The energy legislation introduced by Senate Majority Leader Harry Reid on Tuesday is a potpourri, with provisions to abolish the oil spill liability cap and overhaul the government agency that oversees offshore drilling. But tacked to the bill is a home retrofitting program that has been idling in Congress for months.
Informally known as "Cash for Caulkers," Home Star was introduced by President Obama on March 2 during his "White House to Main Street" tour. It was designed to create jobs in the construction industry by providing incentives for consumers to buy and install spools of pink fiberglass, caulking guns, and other insulation materials. But so far, Home Star may have done more harm than good.
In anticipation of the federal rebates promised by Home Star, a version of which passed the House on May 6, some consumers are postponing plans to retrofit their homes. "The passage of Home Star in the House was a mixed blessing," said Mike Rogers, chair of the nonprofit organization Efficiency First. "Now that Americans are aware of the Home Star legislation, many are delaying their retrofit plans in hopes of federal support. Ironically, while Home Star is in process, it is having a negative impact on the very industry that it is designed to help."
Now that Home Star is embedded in a bill focused on the BP oil spill, its fate may depend on the ability of party leaders to reach consensus on a number of issues that have nothing to do with promoting energy efficiency in the home. Democratic and Republican lawmakers quarreled on the Senate floor today, but their disagreement centered on Reid's proposed elimination (subscription) of the oil spill liability cap, not on Home Star.
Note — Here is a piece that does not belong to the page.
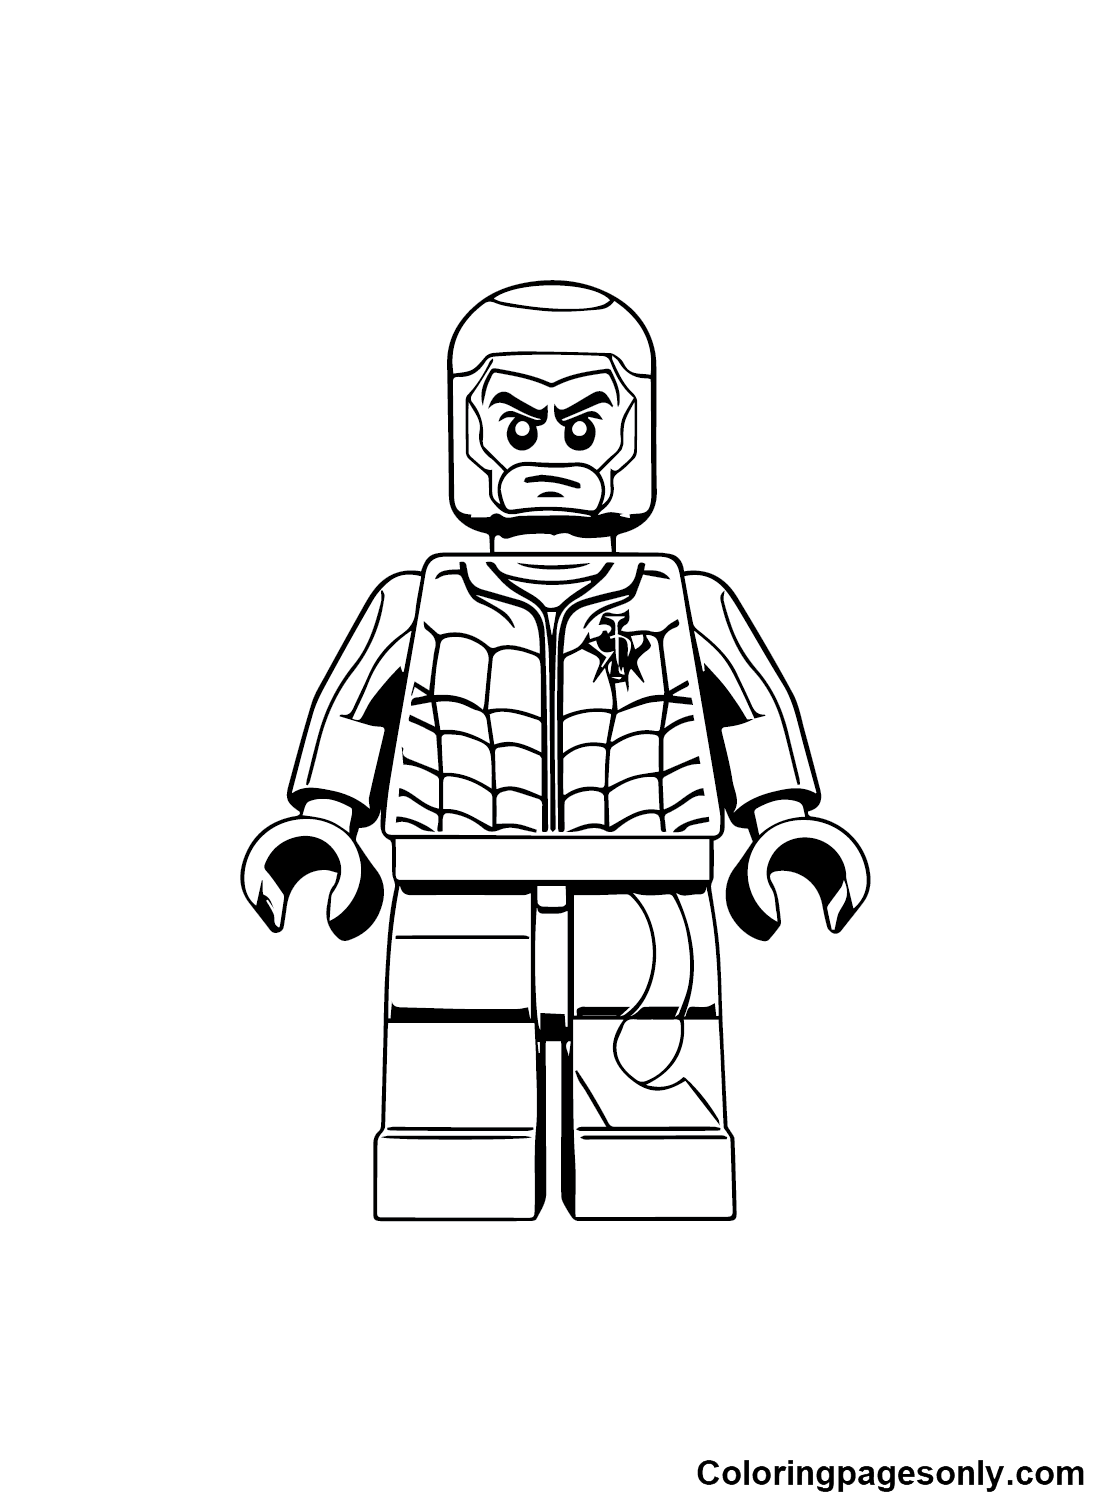 Spiderman Lego Coloring Pages

In fact, the home retrofitting program has so far provoked little in the way of partisan strife, which comes as no surprise to its advocates.
"We have bipartisan support for the Home Star portion of the bill both in the Senate and the House, and that's really just on the merits of [Home Star]," said Larry Laseter, president of WellHome and a representative of the Home Star Coalition. "It's a rare triple win: It creates jobs, it creates savings for consumers, and it has a positive impact on energy independence and the environment."